Среди даров, которые религия несет человеку, имеется дар органической цельности духа. И если душа человека лишена этого дара, то это означает, что ей надлежит продолжать свое духовное очищение и что ей предстоит еще дорасти до настоящей религиозности.

Поэтому все перечисленные нами силы необходимы в религиозном опыте; и все они должны не просто «участвовать» или «соприсутствовать» в нем, но срастись в единый и целостный духовный акт.

3

Так, религиозный человек не может мириться с тем, что он верит во что-то, отвергаемое его разумом; или с тем, что разум его утверждает нечто такое, против чего восстает его вера.

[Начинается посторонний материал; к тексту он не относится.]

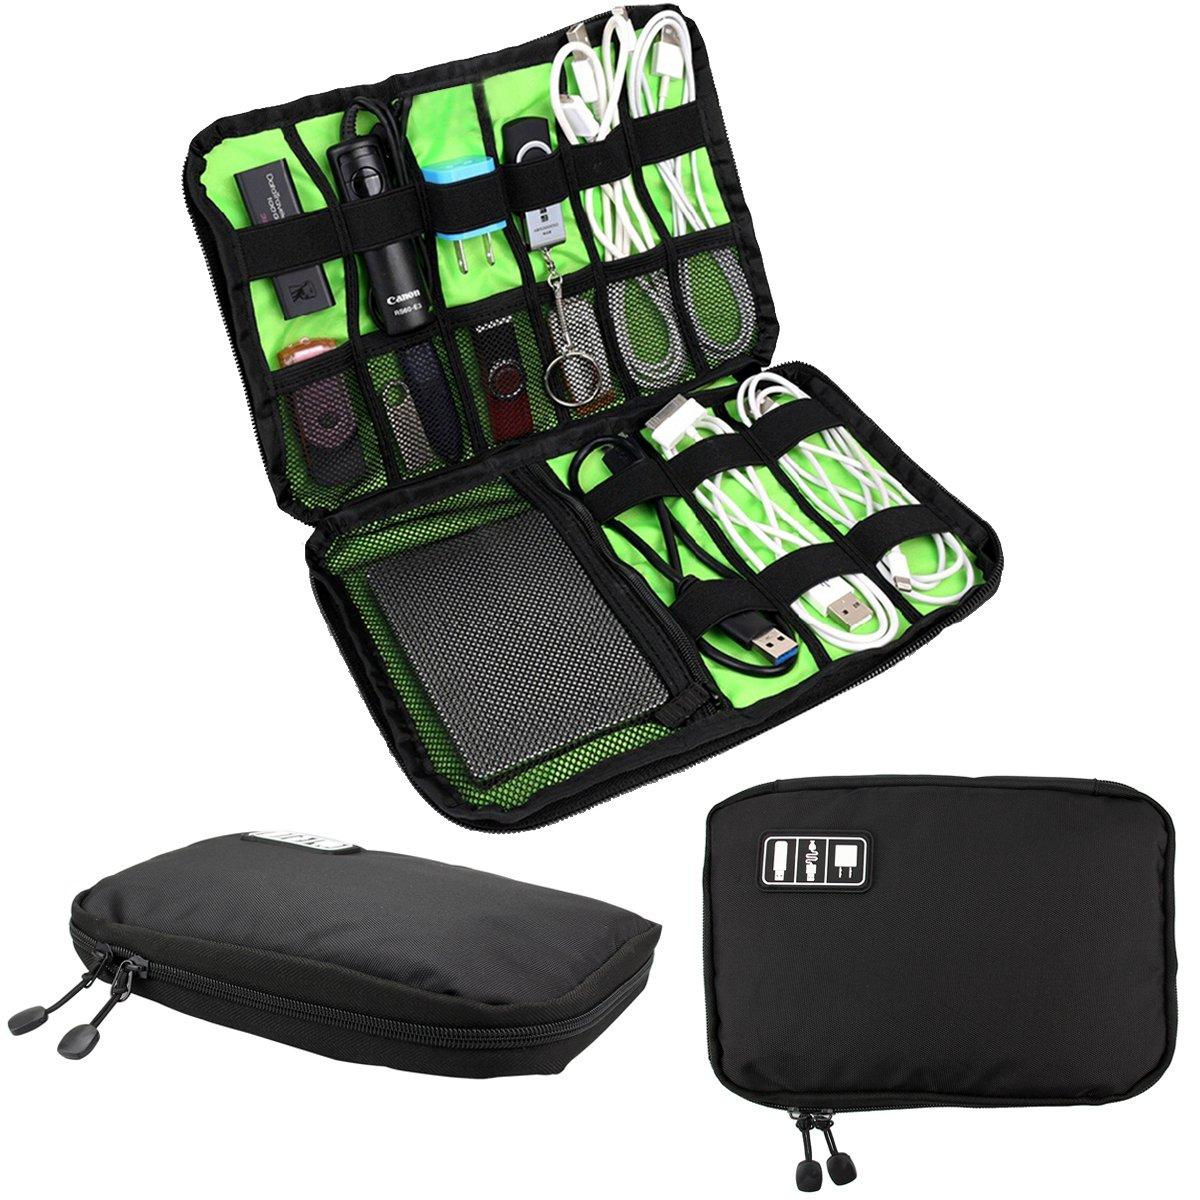 Chic Runfon Cable Organizer Electronics Accessories Travel Bag Sounder Sensor Trigger Drum Disc Plus Wire Copper Piezo Elements 27mm Hard Drive Case For Usb

Если он примирится с этим, тогда он будет слабо веровать и робко мыслить; вера его будет под цензурой законно восстающего разума, а разум его будет под анафемой законно отвергающей его веры; сам же он будет вековечным изменником и предателем: то изменником своей веры, то предателем своего разума. И потому он будет – то осуждать себя за свою веру, то подавлять в себе свои разумные воззрения. Он не будет доверять ни своему разуму, ни своей вере; и кончит тем, что не будет доверять самому себе и потеряет к себе уважение.

Теория двух «параллельных», – различных или противоположных, – истин, к которой склонялись Шаррон и Монтень, психологически понятна в своем возникновении; это был компромисс, спасавший «разум» от преследования католической церкви и в то же время не порывавший окончательно с церковной догматикой; но в духовном отношении эта теория была наивна и беспомощна. Она предлагала религиозному человеку духовную шизофрению как способ жизни; или же – некий «бухгалтерский» самообман в верованиях и убеждениях. Две истины, – одна религиозная, неприемлемая для разума, а другая разумная, неприемлемая для религиозного опыта и веры, – значит ни одной истины; это означает неисцелимый раскол в духе; двоевластие, с перемирием в гражданской войне духа с самим собой. Эта гражданская война узаконялась как способ жизни: рано или поздно она разразилась бы и привела к окончательному отвержению или веры, или разума, или и веры и разума вместе.

То, чего надо добиваться, есть не просто «примирение» веры и разума или синтез их учений, а тождество веры и разума. Вера должна стать разумной верой, а разум должен стать верующим разумом.